### EXERCISE PROMPT
Locate the line that contains "rif 1142 Casalbordino" in the entries below, then repeat it and every following line through the line that contains "Arts de la table", exactly, and no others.

### PROVIDED RECORDS
--- START ---
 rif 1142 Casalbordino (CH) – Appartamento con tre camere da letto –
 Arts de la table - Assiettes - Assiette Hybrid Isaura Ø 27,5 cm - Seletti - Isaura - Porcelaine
--- END ---
--- START ---
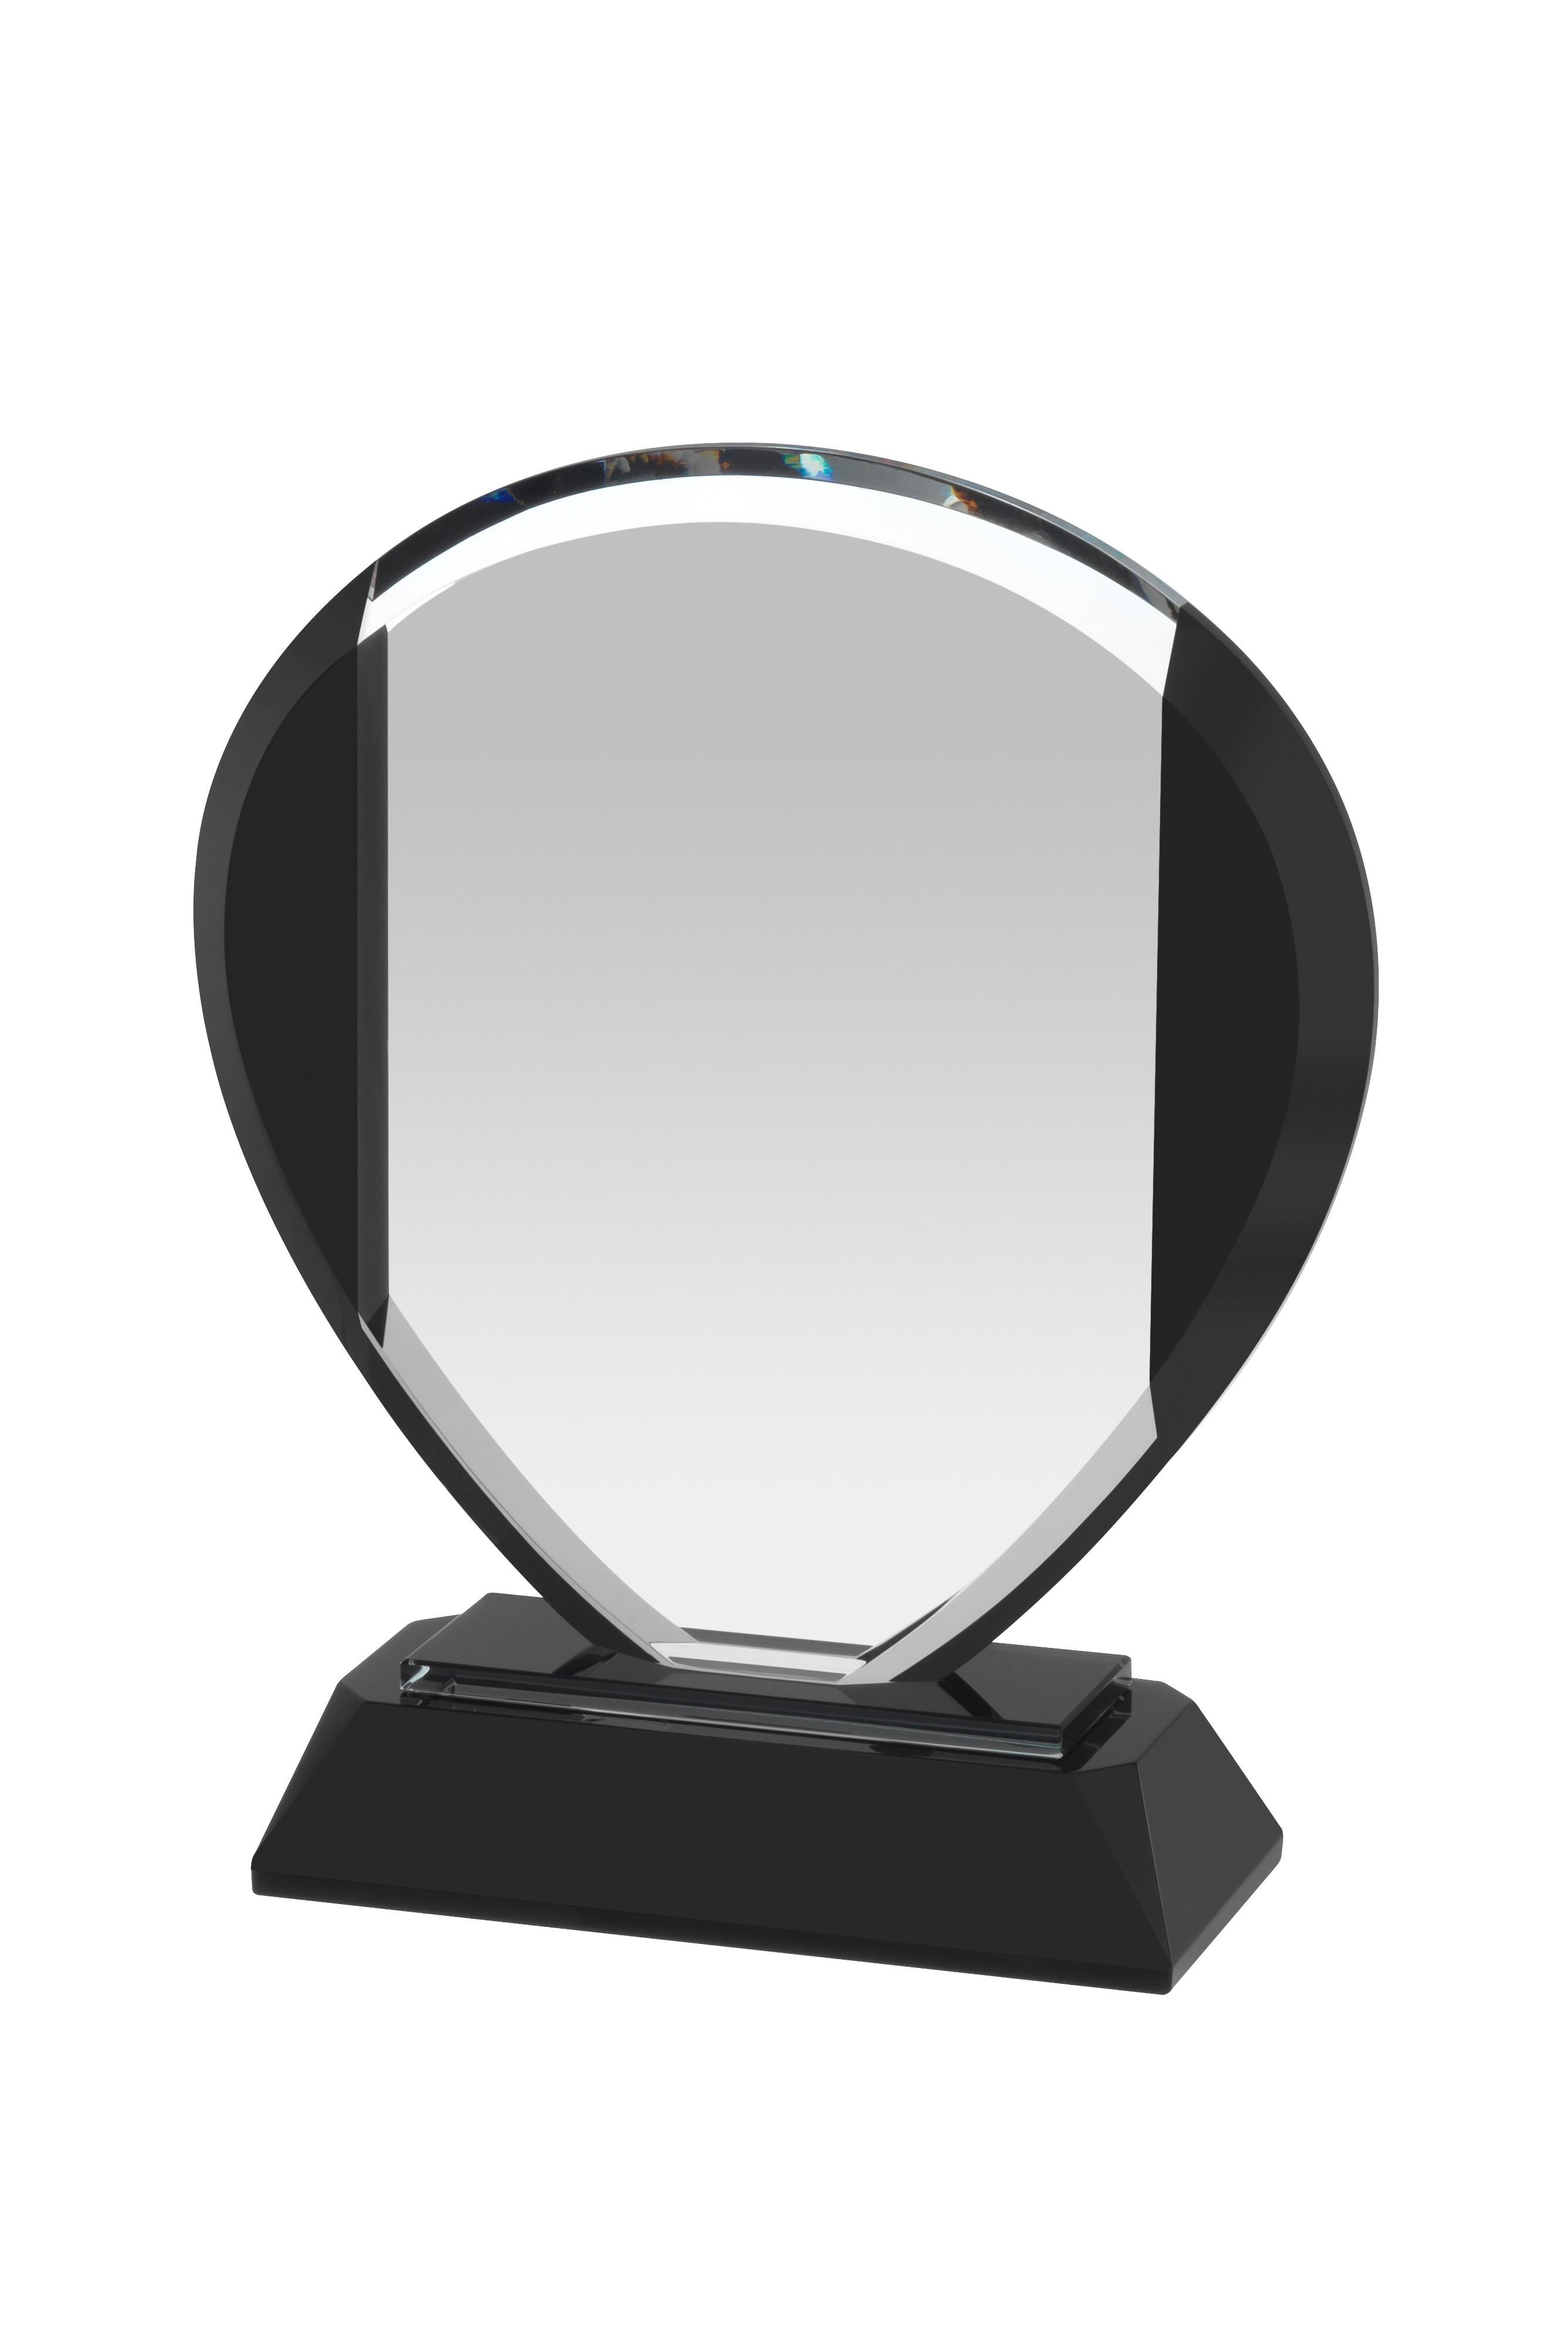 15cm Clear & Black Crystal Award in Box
--- END ---
### SOLUTION TO THE PROBLEM
 rif 1142 Casalbordino (CH) – Appartamento con tre camere da letto –
 Arts de la table - Assiettes - Assiette Hybrid Isaura Ø 27,5 cm - Seletti - Isaura - Porcelaine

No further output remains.